Impacts of Energy Sources

Geothermal Energy

The factor needed to determine the ideal location of a geothermal power plant is a hot Earth location. The infrastructure (basic building facilities and installations) required to develop geothermal energy is a geothermal power plant to make power and the electrical grid for power distribution.

Advantages of Geothermal Energy

Geothermal plants are very reliable. During production the energy collected is free and does not require transport of fuels or disposal of waste products. Commercial geothermal power stations are relatively small and release very little air pollution compared to fossil fuel plants. Some plants even reduce sulfur emissions that would have naturally occurred from geothermal venting without a plant at that location by directing the steam and gasses through a scrubber. After the steam and water from a geothermal reservoir have been used, they are injected back into the earth to recharge the reservoir.

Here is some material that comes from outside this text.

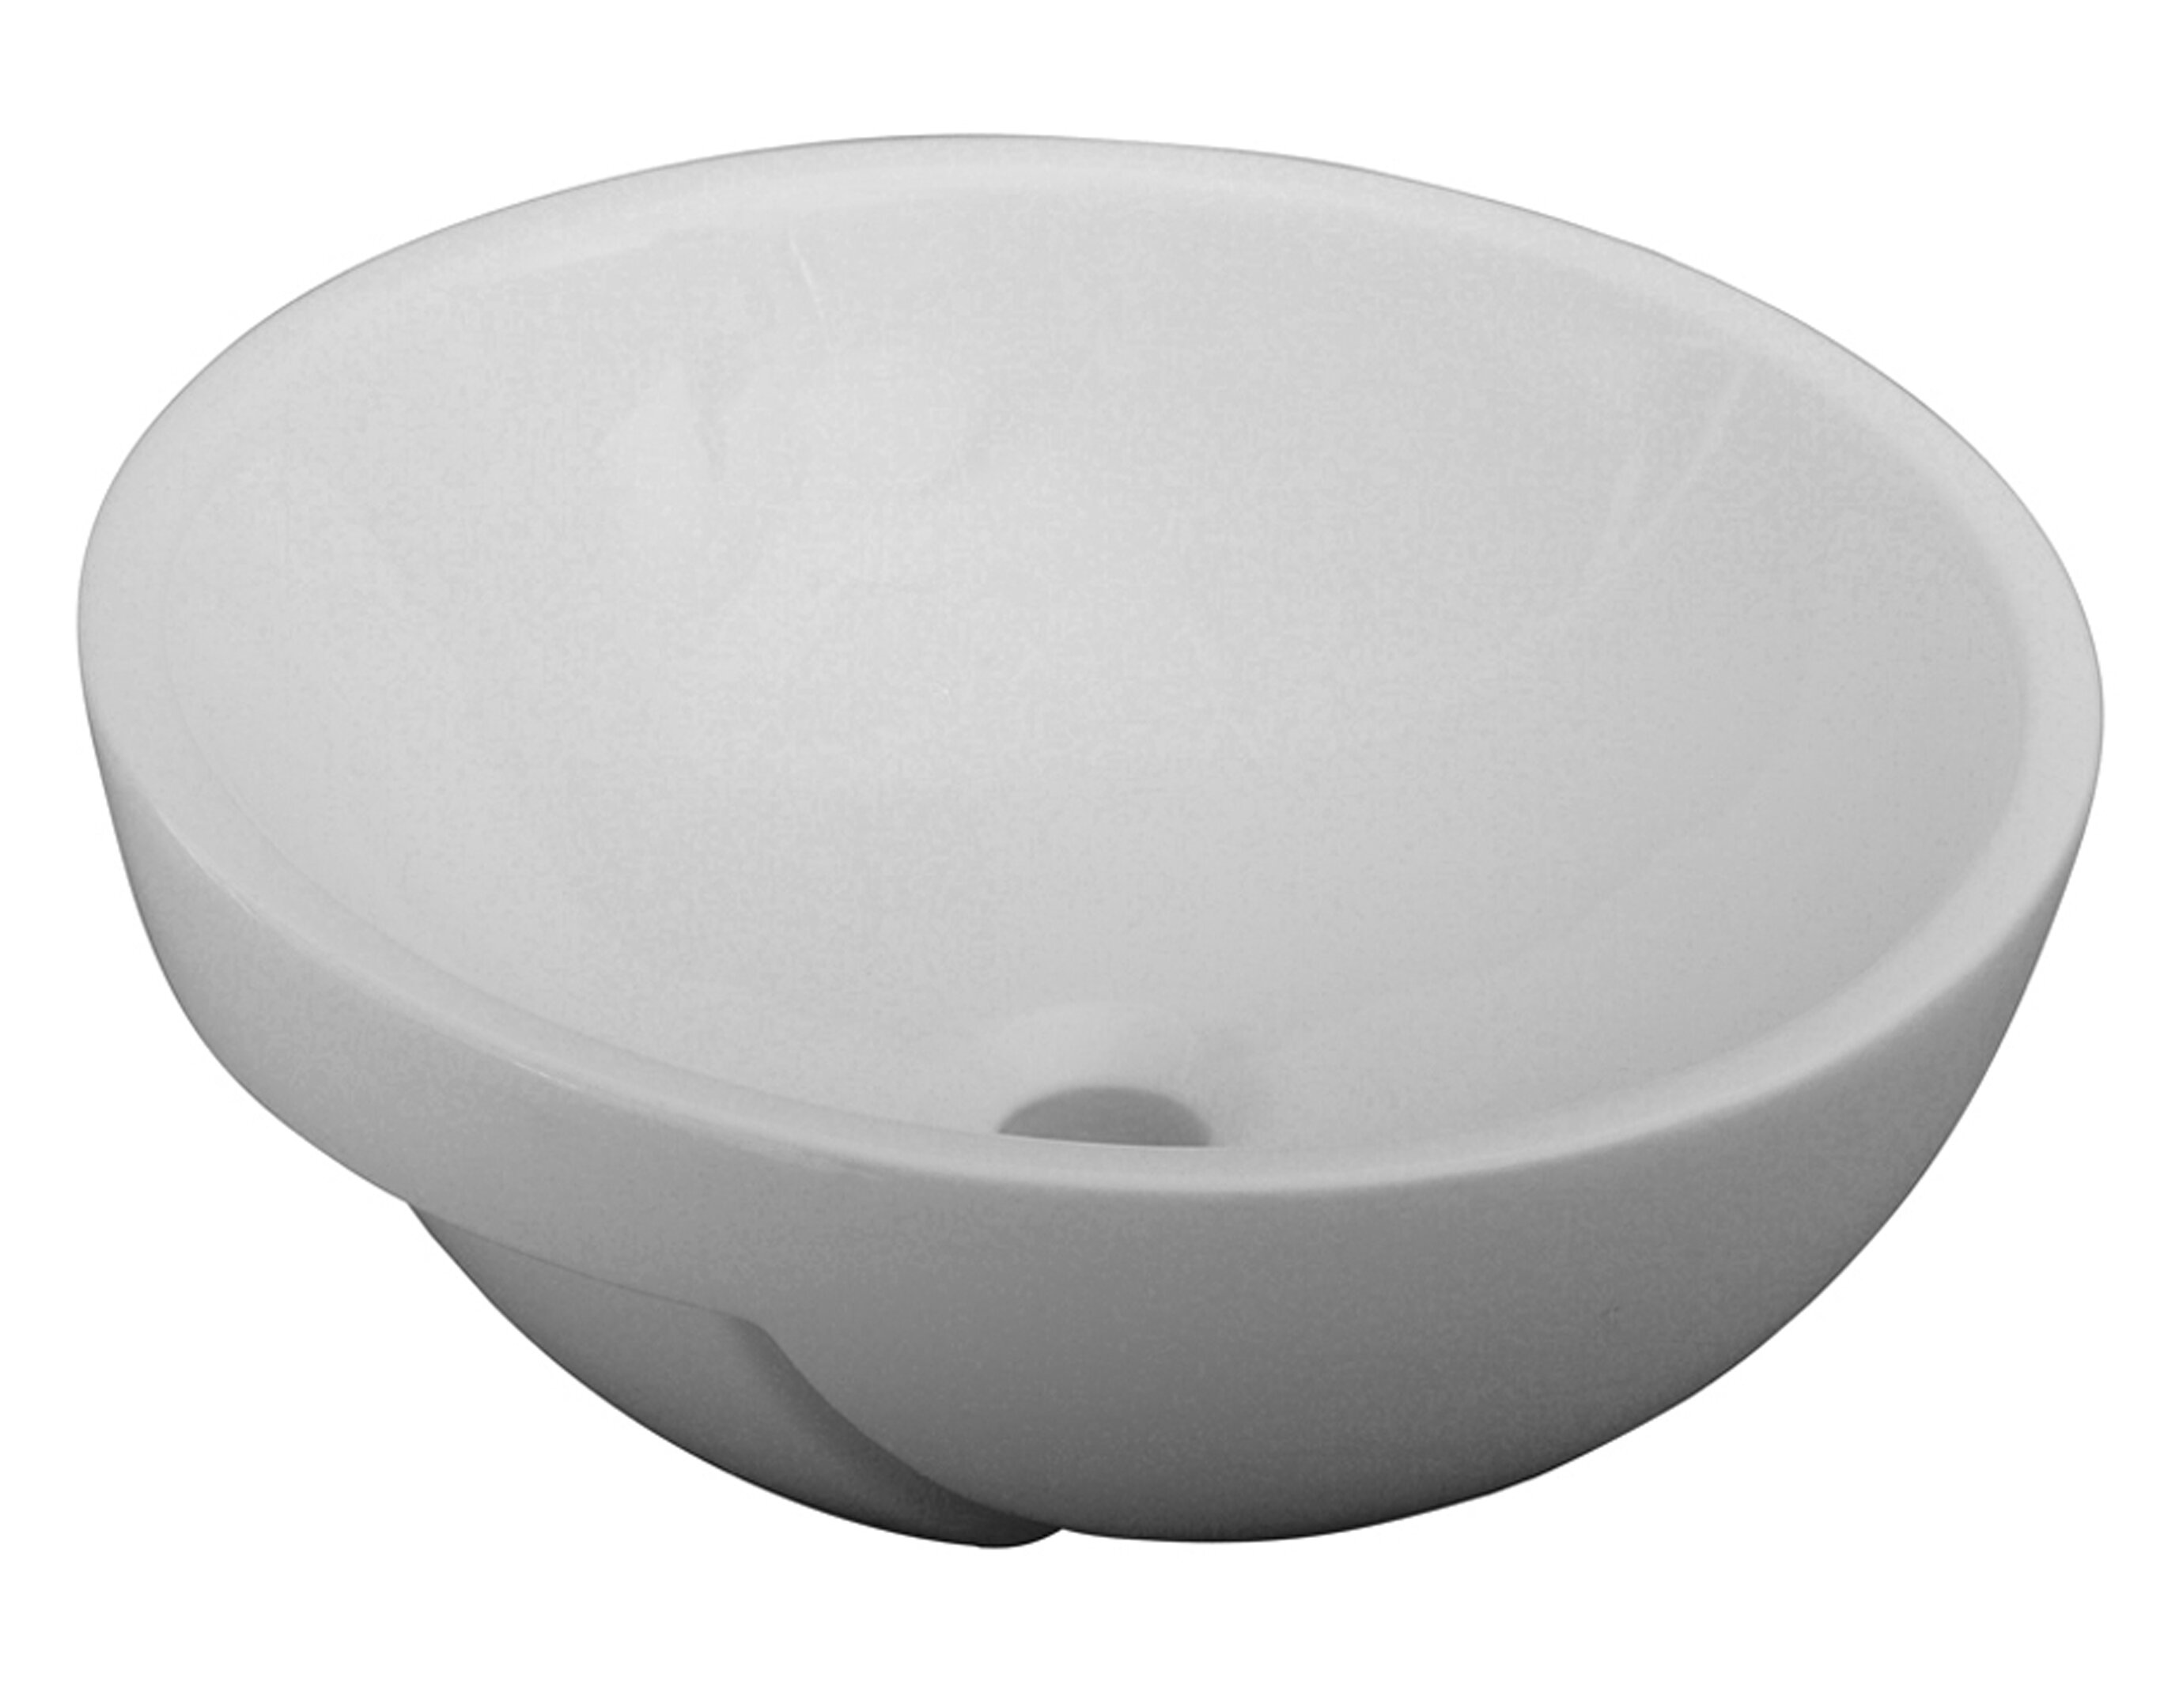 haze2270 34896992 ceramic square vessel bathroom sink

Geothermal heat pumps that are used in homes have almost no negative impact on the environment. There is only a temporary disruption in the soil surface when the system is installed. These heat pumps greatly enhance the efficiency of traditional heating and cooling heat pumps.

Disadvantages of Geothermal Energy

Large geothermal reservoir locations are limited. Geothermal power is only available in a few places where hot magma finds its way close to the surface and heats ground water to near boiling temperatures.

In already built homes, geothermal heat pumps require an initial expense. It may cost thousands of dollars to dig out the land and install a heat pump system.